Portuguese pianist Maria Joao Pires has always been admirably keen to break down the traditional formats of classical concerts. Whether she fully succeeds is, however, open to dispute.
This particular concert, in which Pires shared the platform with tenor Rufus Müller and the Brodsky Quartet, was originally envisioned as the first of a series to programme newly commissioned tributes to Schubert alongside a selection of his own works. The new pieces were eventually dropped, however, in favour of an all-Schubert programme, carefully constructed to examine intimations of mortality within his music.
Pires aimed to present the idea of the chamber concert as a kind of informal musical get-together between friends, though it was all too self-consciously done. When she played her solos, some of the other performers draped themselves over chairs in attitudes of rapt attentiveness. Pires did not, however, hang around to listen to anyone else; when the Brodskys played the C minor Quartettsatz and the Death and the Maiden Quartet, they did so alone.

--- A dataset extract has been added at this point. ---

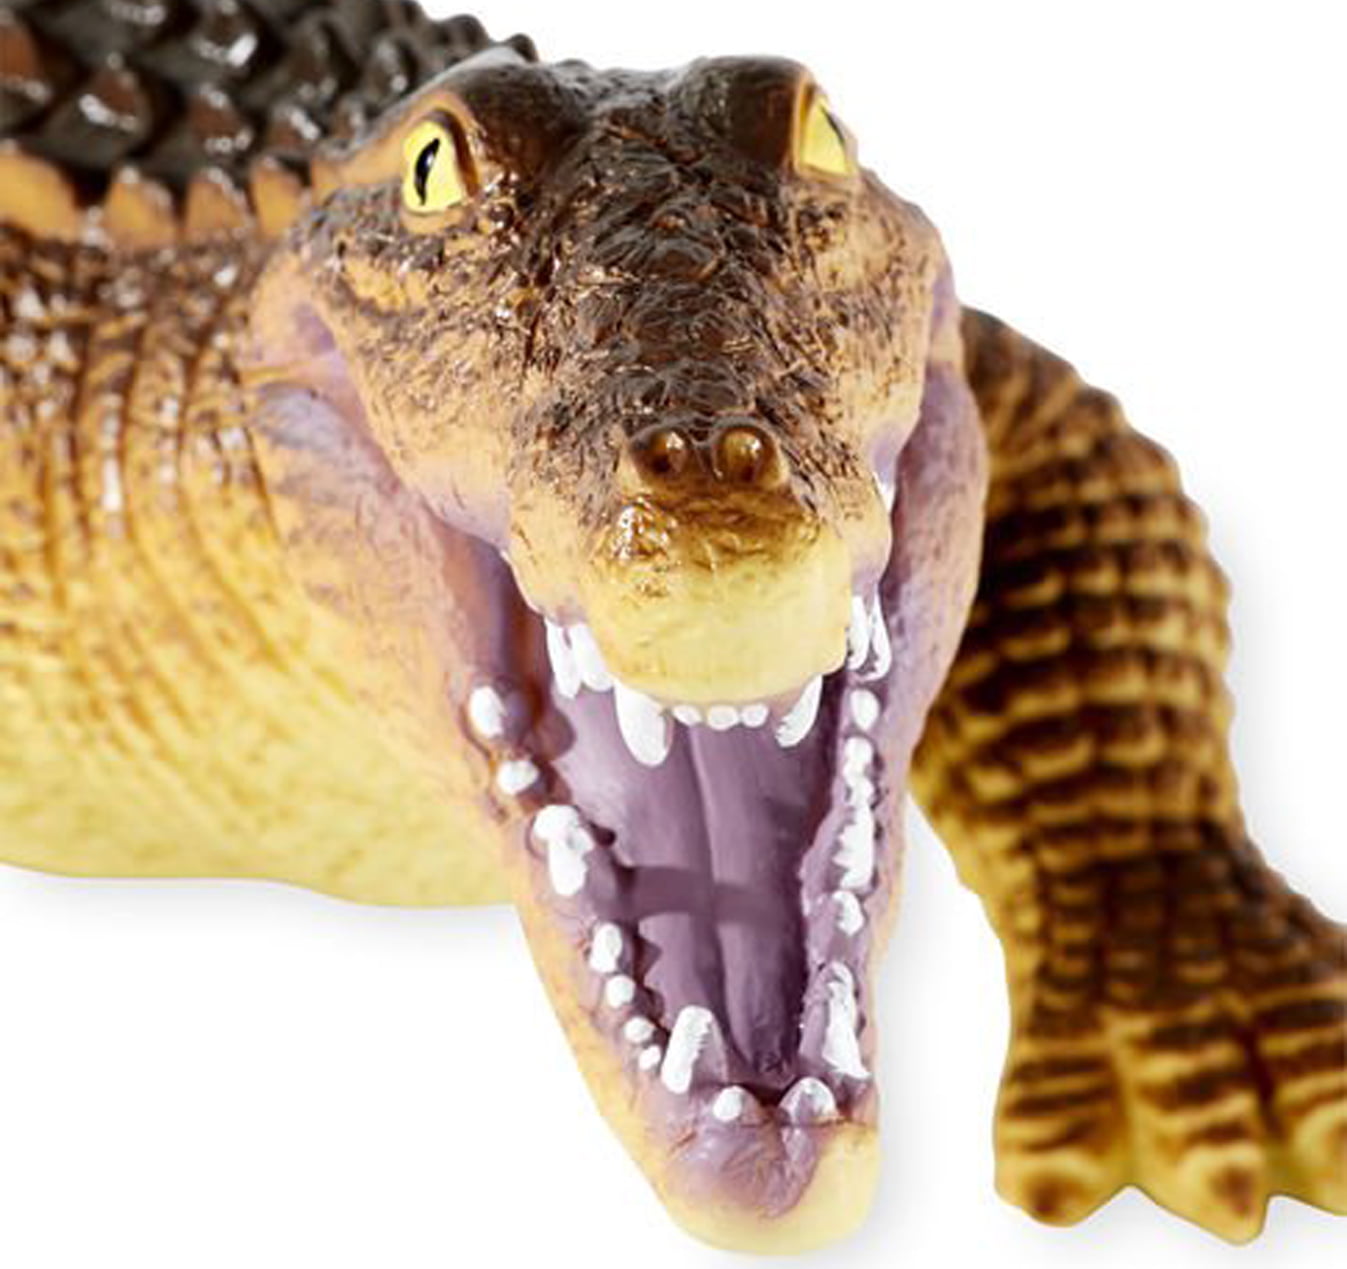 Toys R Us Animal Planet by Foam Crocodile - Realistic Looking -  Discontinued, Hard to Find

The Brodskys were also playing with a guest leader, Priya Mitchell, whose intonation was excruciating in the Quartettsatz. Fortunately, she had settled somewhat by the end of the evening, and Death and the Maiden was delivered with bleak intensity. Müller, a fine lieder singer, held the audience spellbound with his hushed performance of Litanei auf das Fest aller Seelen, though some of the other songs, notably Der Zwerg, lay fractionally too low for him. Either as accompanist or soloist, Pires remains outstanding in Schubert, combining deep sensitivity with just the requisite streak of emotional toughness. Despite the onstage faffing, she achieved levels of poetic sensitivity in the Impromptus in F minor and A flat that have been matched by few.